Why don’t you look for an individual who could purchase the park and then enter into an agreement to net lease to you with an option to buy?
The investor could enjoy the benefits of income, growth, and tax shelter without management and maintenance responsibilities. If you pay a year’s rent in advance and personally guarantee the lease, they would have little risk.
As lessee, you could take possession and operate the business as if you were the sole owner. With rent paid in advance, you should have an immediate cash flow. If the option were held in a Roth IRA, any future gain could be tax-free.
This is our favorite approach when acquiring rental property.
Please give me a call at (352) 475-1280 if you need any assistance.
I’ve got an 18 unit mh park under contract for 85,000.

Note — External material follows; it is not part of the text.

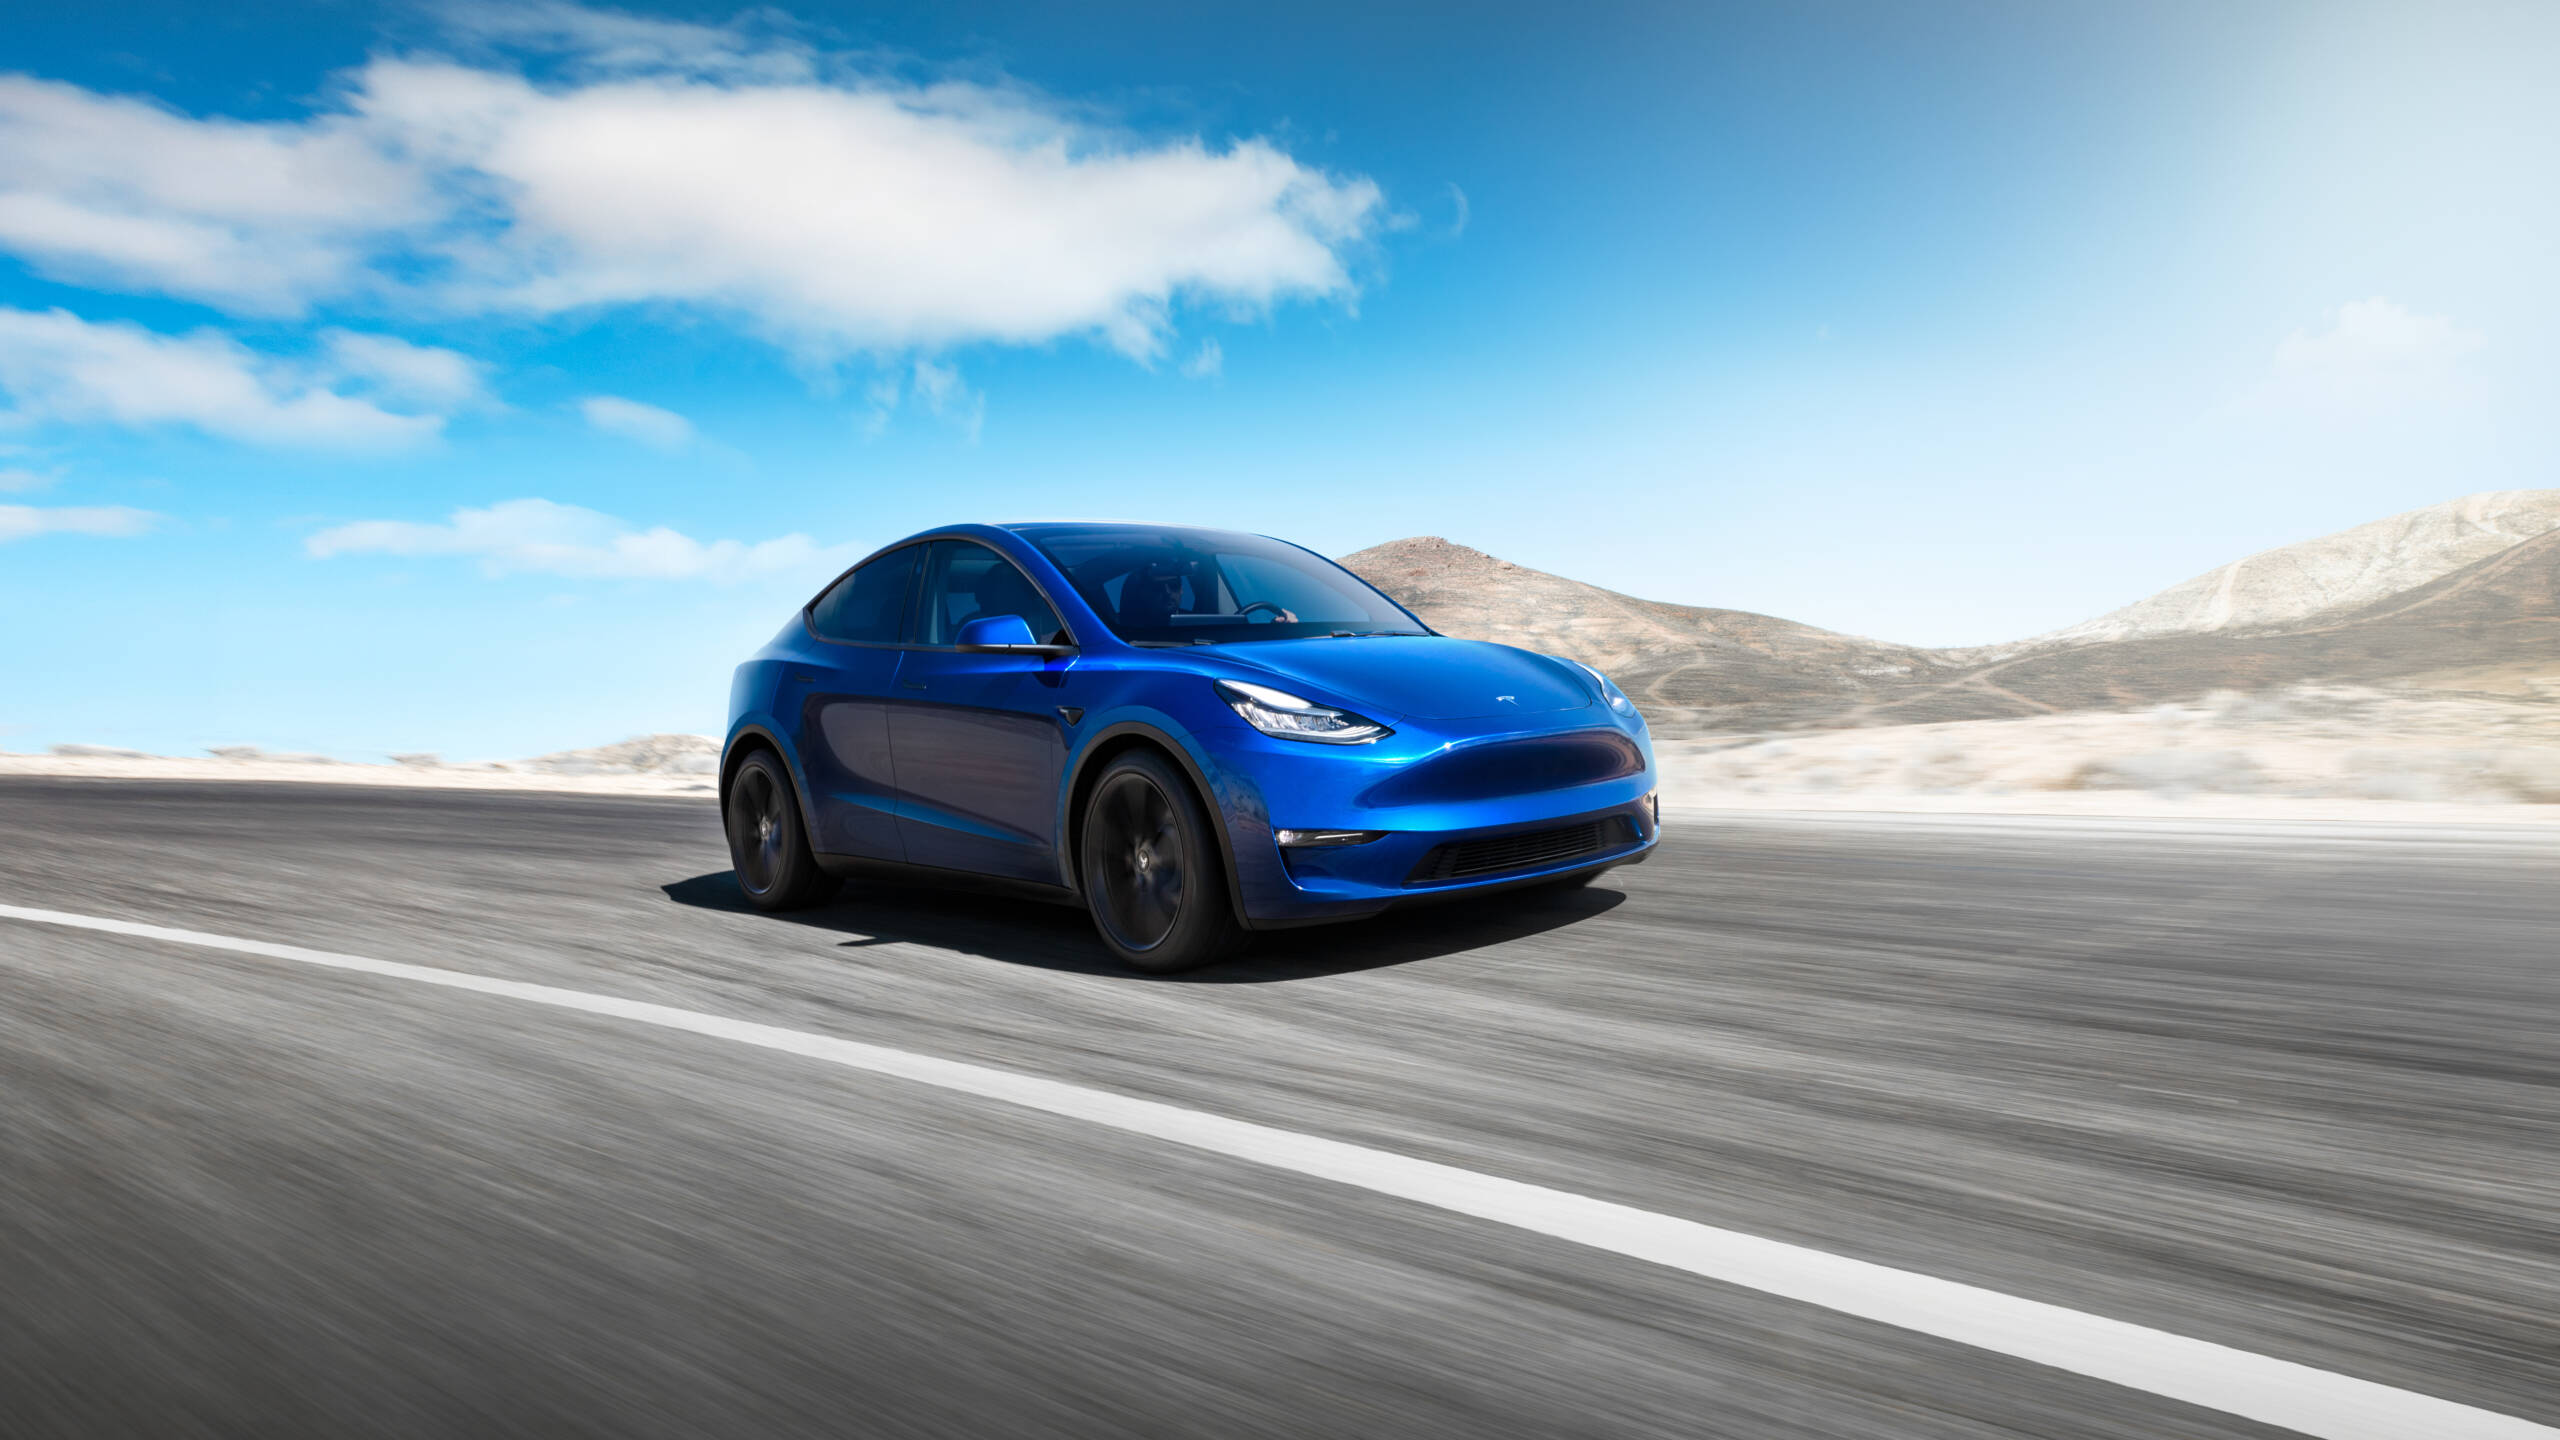 Innovation bei Elektroautos: Tesla und die Chinesen dominieren die Top Ten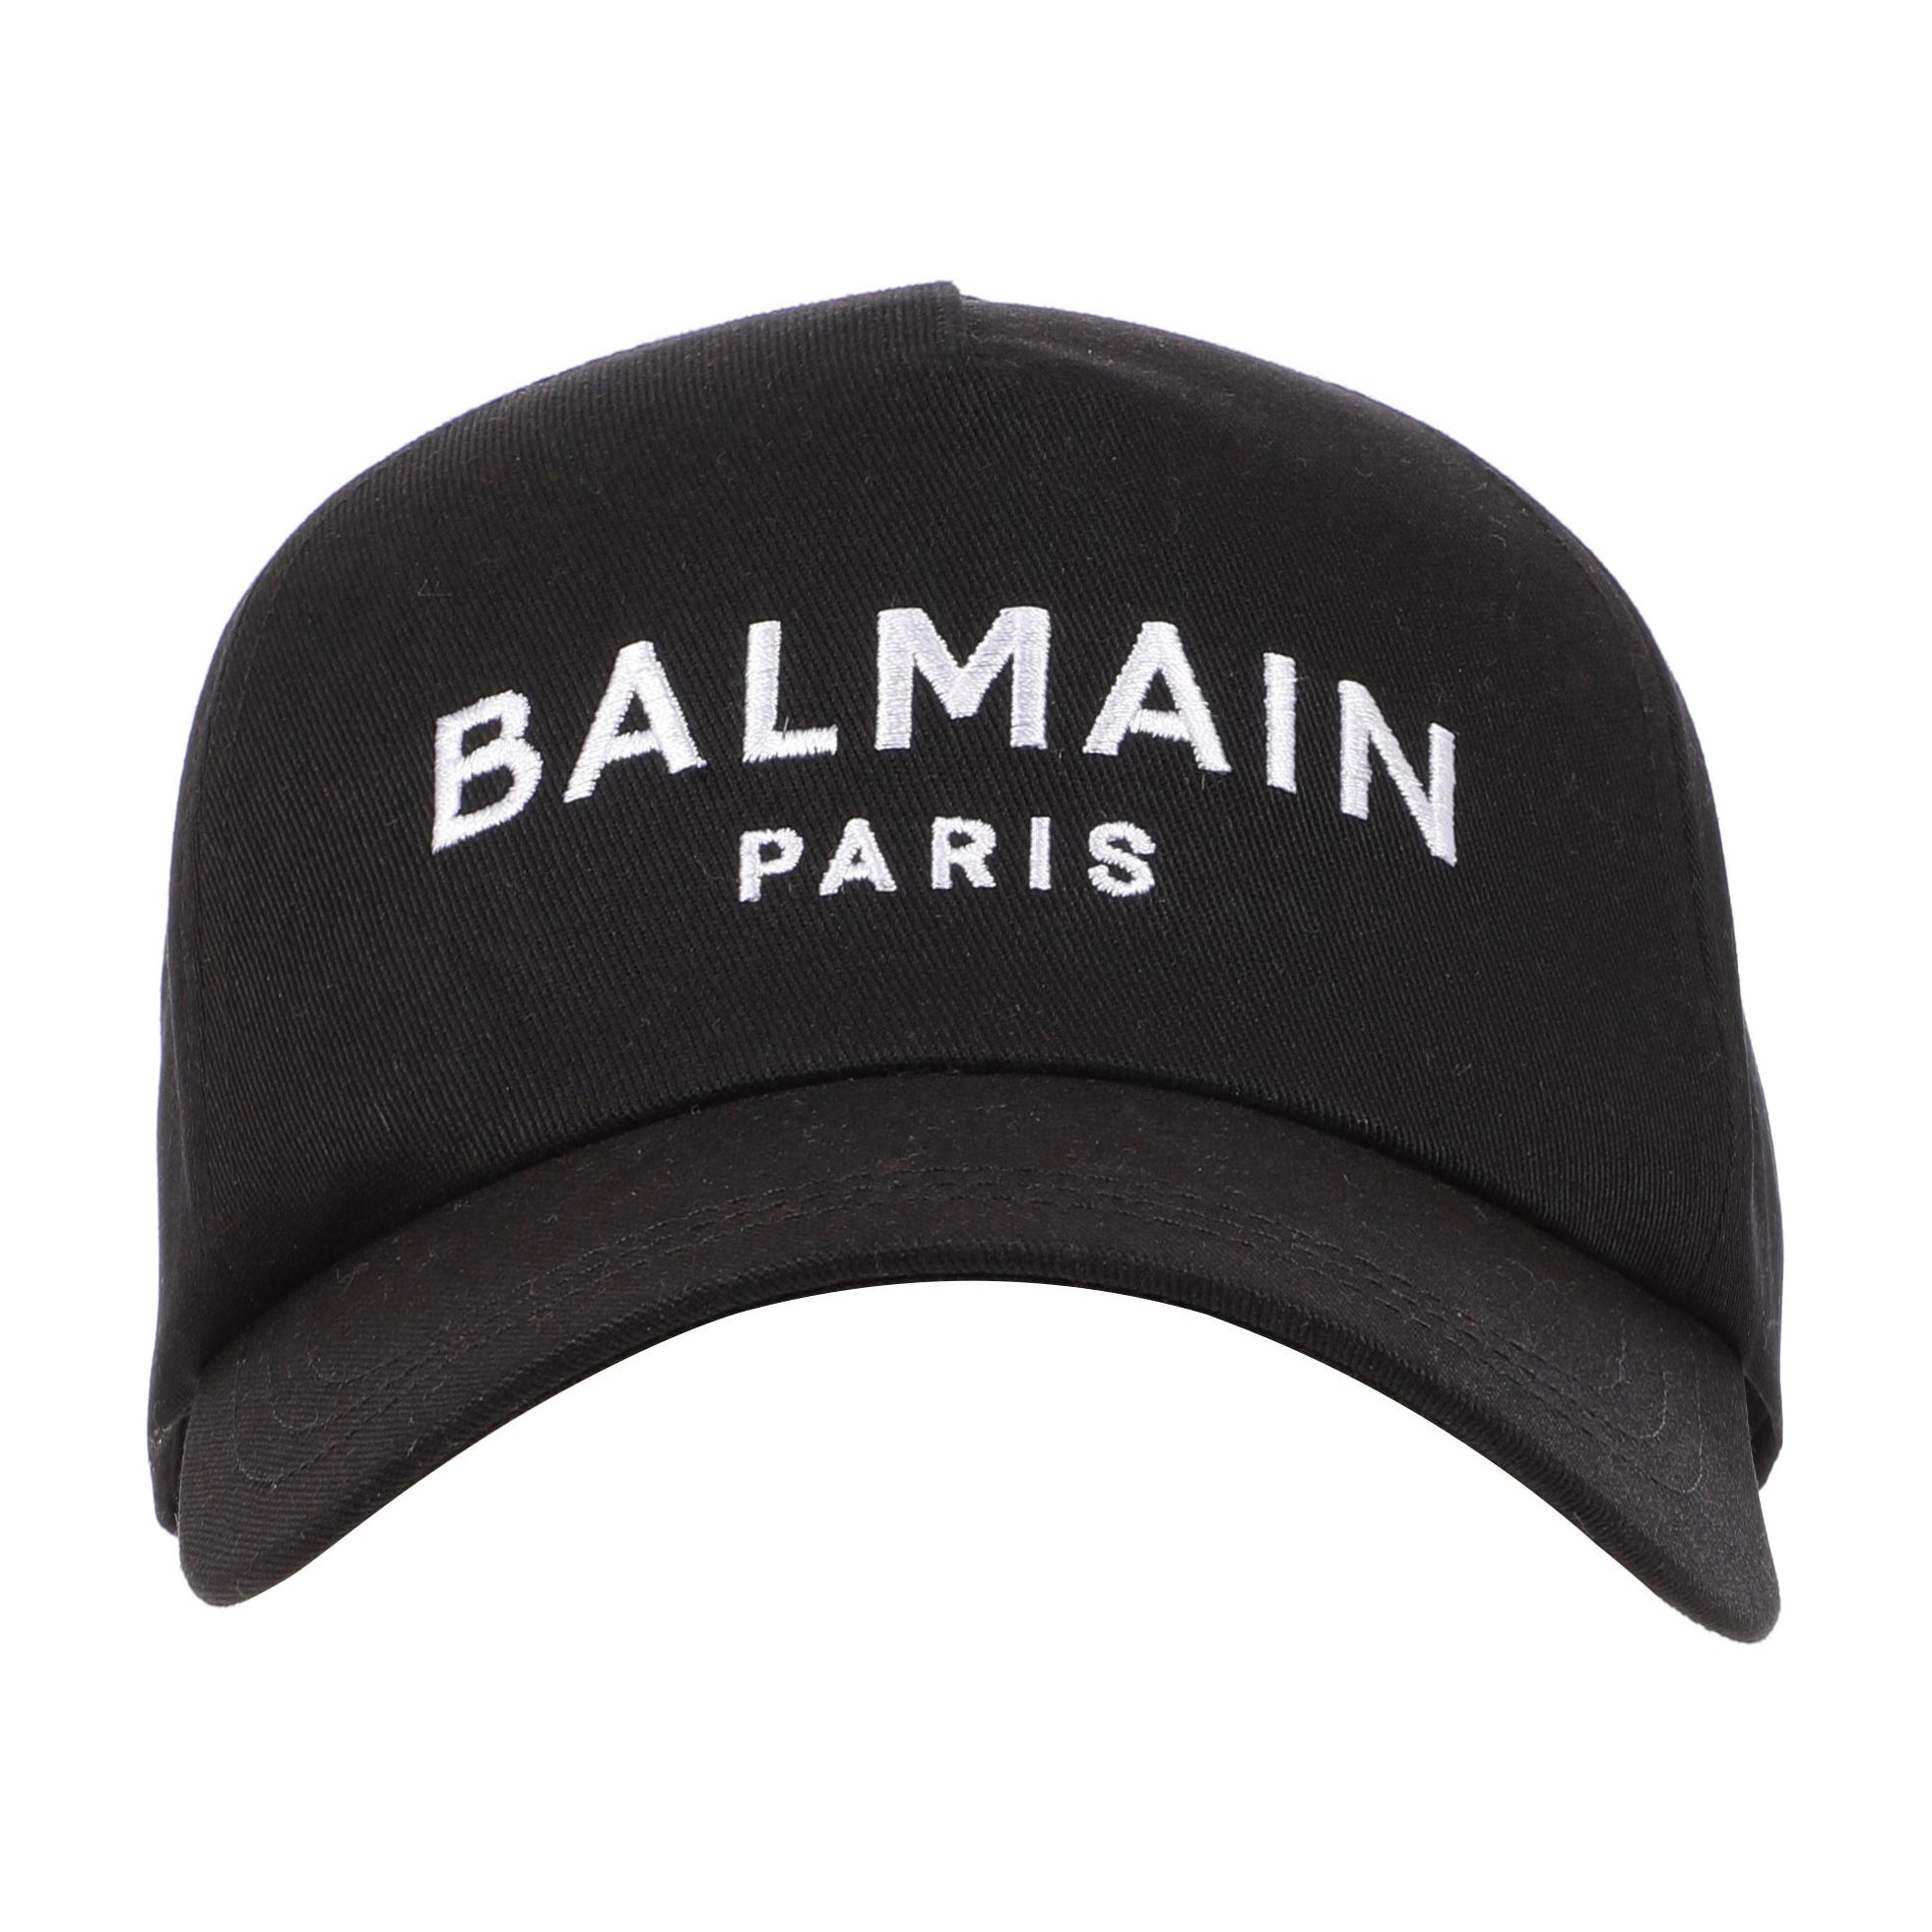 BALMAIN COTTON CAP - BLACK

I’m looking to get in for as little as possible but I do have 20K for the deal if the interest rate / terms are good. Please help me get the best possible financing for this deal.
I just got the appraisal. Income approach was 200K overall & final appraisal was for 150K.
City water, streets, and sewer.
Tenants pay water, electric, cable, etc.
Here is the income (yearly) 58,000
14 units currently rented at (4,833 / month)
Eff. Gross (less Vac/coll loss) = 52,200
Here are the expenses (yearly)
Garbage (2 dumpsters) 2000
Vacancy/Col. Loss(10%) 5800
TOTAL EXPENSES 22,200
Net Oper. Income 30,000
Debt Service 10,400
(95% financed of 85,000 at 10% for 15 year full amort.)
Yearly Pos. Cash flow 19,600
Debt coverage ration = 2.88 !!!
I’ve done a lot of due dilligence and have talked with my attorney, gained a copy of all leases, title policies, and maintenance records for the past 2 years.
If anyone can help I would appreciate it.